Alain Resnais © AFP / Joël Robine

Alain Resnais surrounded by his film family Cannes 2012 – © AFP / Alberto Pizzoli

 

 

 

By Gilles Jacob 

Alain Resnais, who has just embarked on his final journey to the clouds and the wild grasses of Marienbad, was nothing less than a national treasure. France can boast two filmmaking geniuses, both advanced in years but blessed with an incredibly inventive youthfulness. Godard, who is half-Swiss, and  Alain Resnais – our  Resnais.

Since his childhood, since his first Pathé Baby – in the days before video games, in Vannes or anywhere else, Resnais toyed with the cinema…. scrabbling, inventing, searching, innovating and creating… and above all never making the same film twice.

His work, which draws on time, memory, creation, daily life, English humour, artistic innovation and a dozen other values, fifty technical novelties, a hundred discoveries of actors and technicians, arose out of the political awakening of his friend Chris Marker. It was a time of war, of Hiroshima, concentration camps and colonialism…

How could he not take sides, not become passionate? The years passed, and with them the days, decades, films, love affairs and works flowed. Life itself moved inexorably on. Little by little, Alain became increasingly interested in the human ordinariness of daily life, to which he brought an original charm: the little foibles of everyday existence, couples, the game, the theatre, searching for a flat, a song. Yes, that song we all continue to hum. And theatre of course, which is the very art of becoming other… and often with theatrical results. Moving ever onwards towards lightness, grace. We are such ephemeral beings. What possible significance do we have? Having covered life from every possible angle, Resnais took ever greater pleasure in filming, in unearthing filmic correspondences in order to surprise both himself and the troupe of actors who adored him, who worshipped him, like his wife Sabine Azéma, or his faithful friends Pierre Arditi, André Dussollier, and countless others.

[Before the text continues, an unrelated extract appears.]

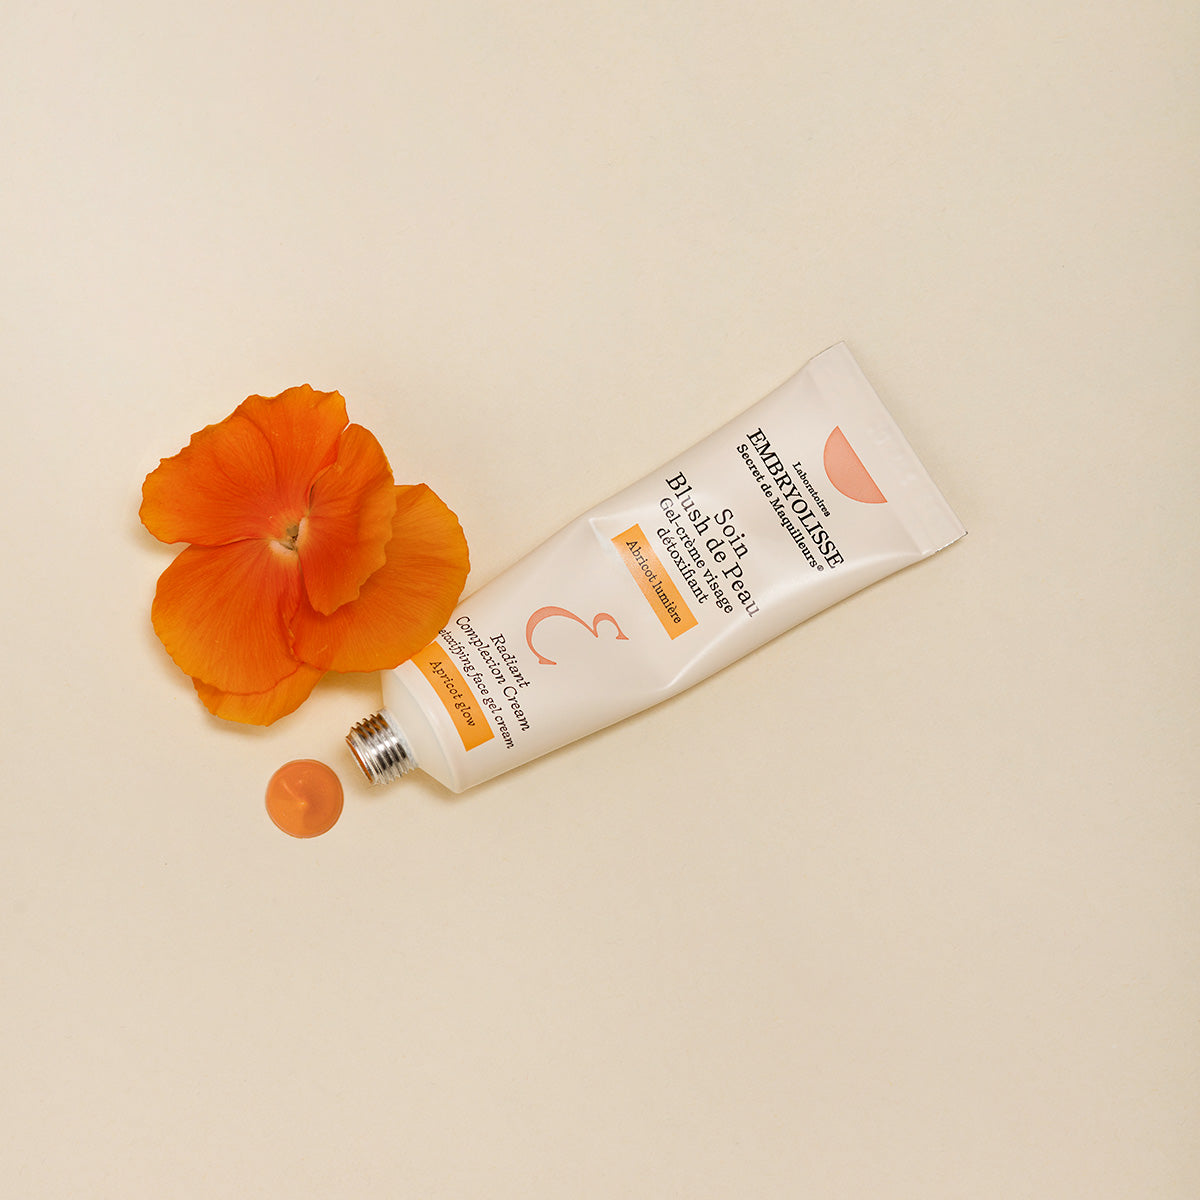 Radiant Complexion Cream - Apricot - Detox care for an immediate healthy glow - Embryolisse shade -

For these reasons, and in order to highlight his immense importance and his longevity, I have called for a state funeral, with cinemas at half-mast. In the fullest awareness that if  such an unusual and grandiose funeral were to come about, despite Resnais’ wish for an intimate ceremony, and his refusal to accept a Légion d’Honneur, both I and the entire public – and not just filmgoers – would be deeply moved. We might for example dedicate the next Festival de Cannes to him and hold a vigil to remember his achievements in the presence of the French President. His disciples are legion. I think he would perhaps laugh at this, but he  was a man I admired and loved for his ability to listen and his simplicity. He had the best kind of life… the life of his dreams.